For me it depends, when it's an uncle I hardly have a relationship with randomly asking me to fix his printer because I'm good with computers. Then no think you, I just tell him to google the problem or ask Mistral-AI
If it's my close family then I love helping them
It super depends on the person. But for my SO no problem. For my out of town family lmaooo forget about it.
After 1 year of tech support: "I can fix it!"
After 15 years: "I've never used a computer in my life."
Like others stated, if it's not someone I'm close to, I wouldn't want to do it. If my partner however asks me for help, being able to help her and solve a real problem she has, brings me tremendous joy.
Man, I don't recognize this at all. At work I'm currently in the middle of a two-month project that I think will end up producing about ten lines of code. It's all about tracking a bunch of stuff down in a gigantic code base and then trial-and-erroring all of it until it works.

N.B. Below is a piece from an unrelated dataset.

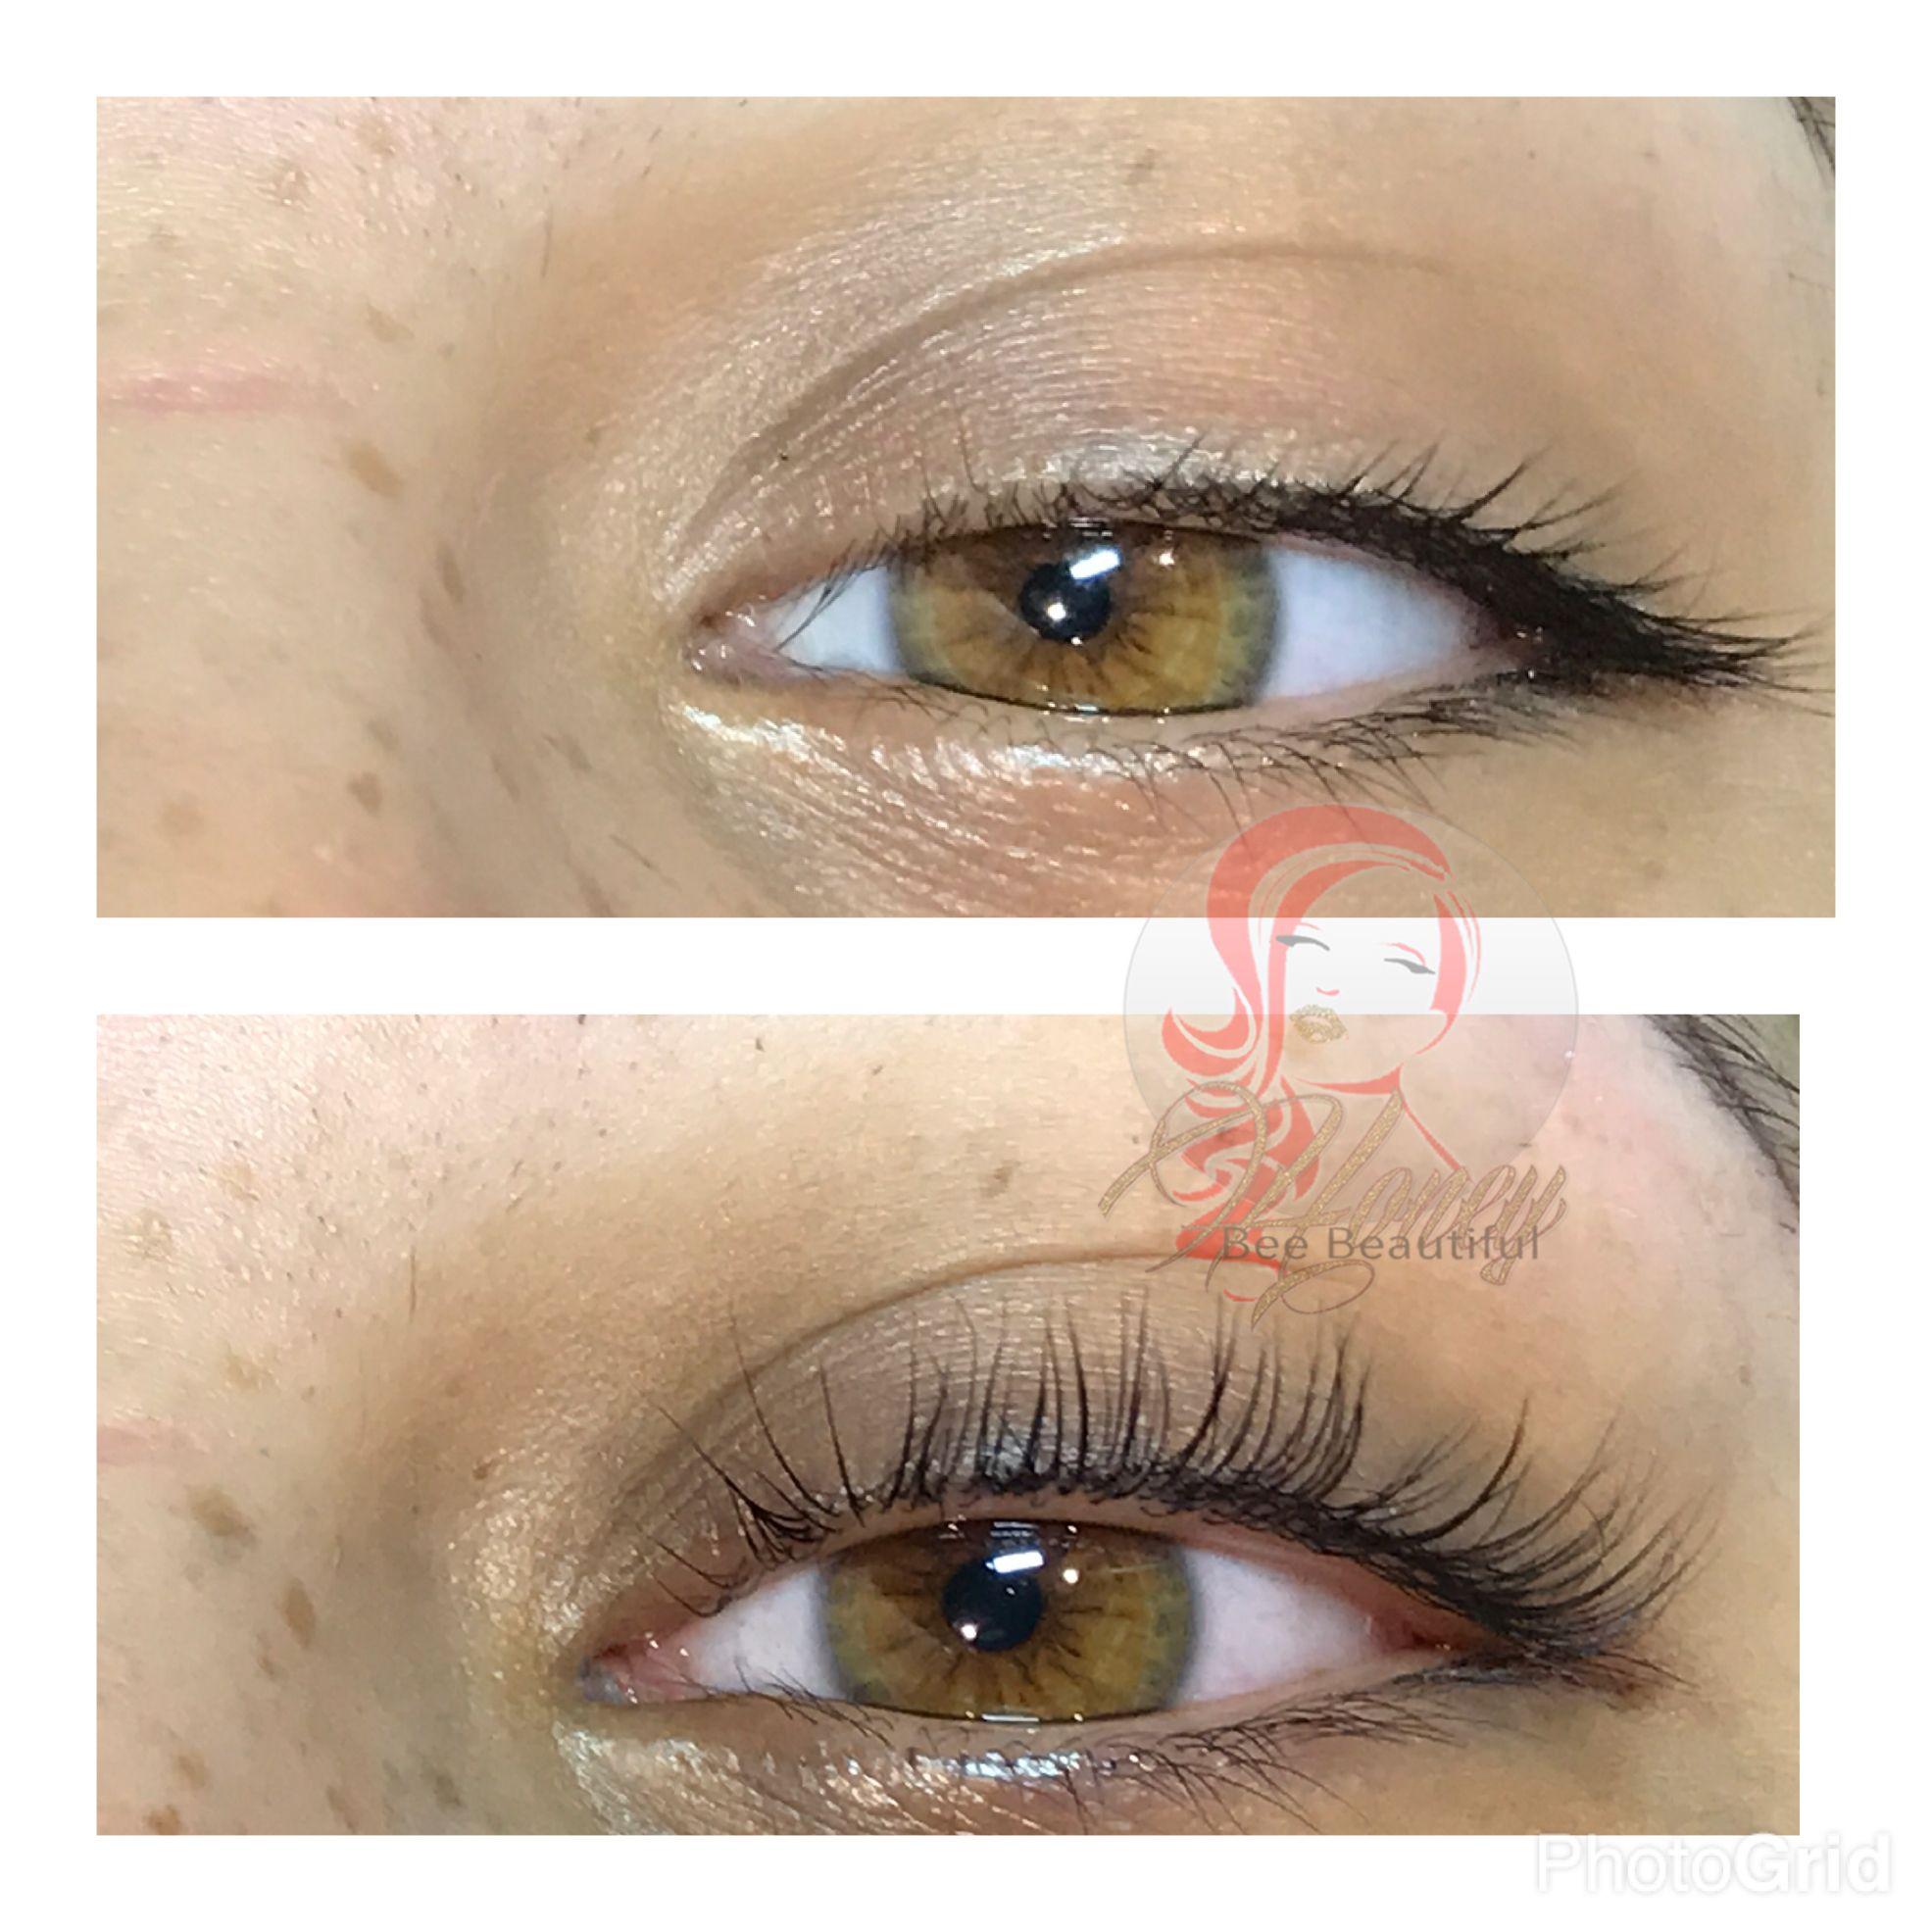 ce721385562 What's a Keratin Lash Lift? | Honey, Bee Beautiful | Makeup ...

So, my mother-in-law's phone keyboard switches to French-Canadian? Yeah, I can definitely fix that! My dad wants a mesh network in his house so he can listen to music in the garage? Can do! My kid's audio player breaks and I need to transplant in a new part? Give it to me! My wife's computer won't print suddenly? These little wins (and sometimes medium sized wins!) are euphoric. They keep me from feeling like I've wasted an entire day switching one variable, running a build, and then switching it back.
Sure, it gets annoying when they don't try anything before they ask, or they keep having the same problem over and over again. But that's by far the minority.
Yeah I don't relate to this at all with computers because of the association with work. But I do with other things!
A friend asked if I could fix the zipper on his pants. I was very tired, glanced at it and said nah, too much work. You'd have to unsew everything, split the seams apart, and sew back together. But my brain wouldn't let go of it. I already solved in my bed. So that's what I did. The satisfaction of completion and the look on his face when I actually just fixed it after saying no was pure dopamine.
Part of it is not wanting to enable people to not even bother trying to do anything on their own.
But someone who at least tries? Oh yeah, sure I'll help!:-)
Depends on the topic. Friend recently said that his old PC will no longer receive Windows 10 security updates soon and he wants to try Linux, and just wanted quick advice. I had plans but I was over at his house within 10 minutes
The last two times I had relatives ask me for remote support to remove the latest super obvious virus they loaded up I just said "Oh, sorry... I don't really know Windows anymore." That's had a 100% success rate.
« I don’t know about windows we only have Mac at work, so I move to mac at home years » works pretty well for me.
Same, if I came home in that condition and the first thing brought up was yet another tech issue, I'd fucking slam the door and go get wasted at a bar.